EXERCISE REQUIREMENTS :: Restate word for word the lines of the entries below, starting with the line that holds "8 March Happy Womens Day Beautiful Card" and ending with the line that holds "Onalaska seniors are", and no others.

RECORDS SHOWN ::
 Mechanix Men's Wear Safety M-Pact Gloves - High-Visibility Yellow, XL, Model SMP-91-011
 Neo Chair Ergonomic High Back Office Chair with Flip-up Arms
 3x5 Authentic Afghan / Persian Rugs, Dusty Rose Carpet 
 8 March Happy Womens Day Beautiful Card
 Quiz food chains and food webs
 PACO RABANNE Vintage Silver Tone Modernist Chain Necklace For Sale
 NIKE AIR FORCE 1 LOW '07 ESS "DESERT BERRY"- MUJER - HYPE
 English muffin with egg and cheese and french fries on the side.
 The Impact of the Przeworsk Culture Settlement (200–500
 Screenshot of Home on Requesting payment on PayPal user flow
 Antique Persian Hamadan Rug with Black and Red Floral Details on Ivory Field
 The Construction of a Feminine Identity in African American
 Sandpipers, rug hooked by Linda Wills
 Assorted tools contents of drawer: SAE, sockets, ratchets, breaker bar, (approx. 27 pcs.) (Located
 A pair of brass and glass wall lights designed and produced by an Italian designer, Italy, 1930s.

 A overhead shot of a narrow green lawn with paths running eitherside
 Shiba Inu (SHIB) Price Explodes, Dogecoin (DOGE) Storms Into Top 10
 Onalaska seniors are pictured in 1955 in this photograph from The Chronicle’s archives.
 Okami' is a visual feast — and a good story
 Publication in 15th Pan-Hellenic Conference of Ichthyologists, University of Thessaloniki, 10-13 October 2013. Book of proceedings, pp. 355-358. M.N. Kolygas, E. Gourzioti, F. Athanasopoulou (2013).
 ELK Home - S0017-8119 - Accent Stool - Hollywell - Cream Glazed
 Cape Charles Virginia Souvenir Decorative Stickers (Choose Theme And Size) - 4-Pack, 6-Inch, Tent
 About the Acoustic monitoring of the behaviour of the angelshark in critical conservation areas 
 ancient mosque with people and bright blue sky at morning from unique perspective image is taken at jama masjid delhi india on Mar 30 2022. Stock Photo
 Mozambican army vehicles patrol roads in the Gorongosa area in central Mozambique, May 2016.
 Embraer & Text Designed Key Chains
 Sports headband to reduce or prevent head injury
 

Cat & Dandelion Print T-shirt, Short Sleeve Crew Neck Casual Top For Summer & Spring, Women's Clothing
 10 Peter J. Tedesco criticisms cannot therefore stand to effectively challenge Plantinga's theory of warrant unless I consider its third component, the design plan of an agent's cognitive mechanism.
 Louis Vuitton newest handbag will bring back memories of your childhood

SOLUTION FOR THIS PROBLEM ::
 8 March Happy Womens Day Beautiful Card
 Quiz food chains and food webs
 PACO RABANNE Vintage Silver Tone Modernist Chain Necklace For Sale
 NIKE AIR FORCE 1 LOW '07 ESS "DESERT BERRY"- MUJER - HYPE
 English muffin with egg and cheese and french fries on the side.
 The Impact of the Przeworsk Culture Settlement (200–500
 Screenshot of Home on Requesting payment on PayPal user flow
 Antique Persian Hamadan Rug with Black and Red Floral Details on Ivory Field
 The Construction of a Feminine Identity in African American
 Sandpipers, rug hooked by Linda Wills
 Assorted tools contents of drawer: SAE, sockets, ratchets, breaker bar, (approx. 27 pcs.) (Located
 A pair of brass and glass wall lights designed and produced by an Italian designer, Italy, 1930s.

 A overhead shot of a narrow green lawn with paths running eitherside
 Shiba Inu (SHIB) Price Explodes, Dogecoin (DOGE) Storms Into Top 10
 Onalaska seniors are pictured in 1955 in this photograph from The Chronicle’s archives.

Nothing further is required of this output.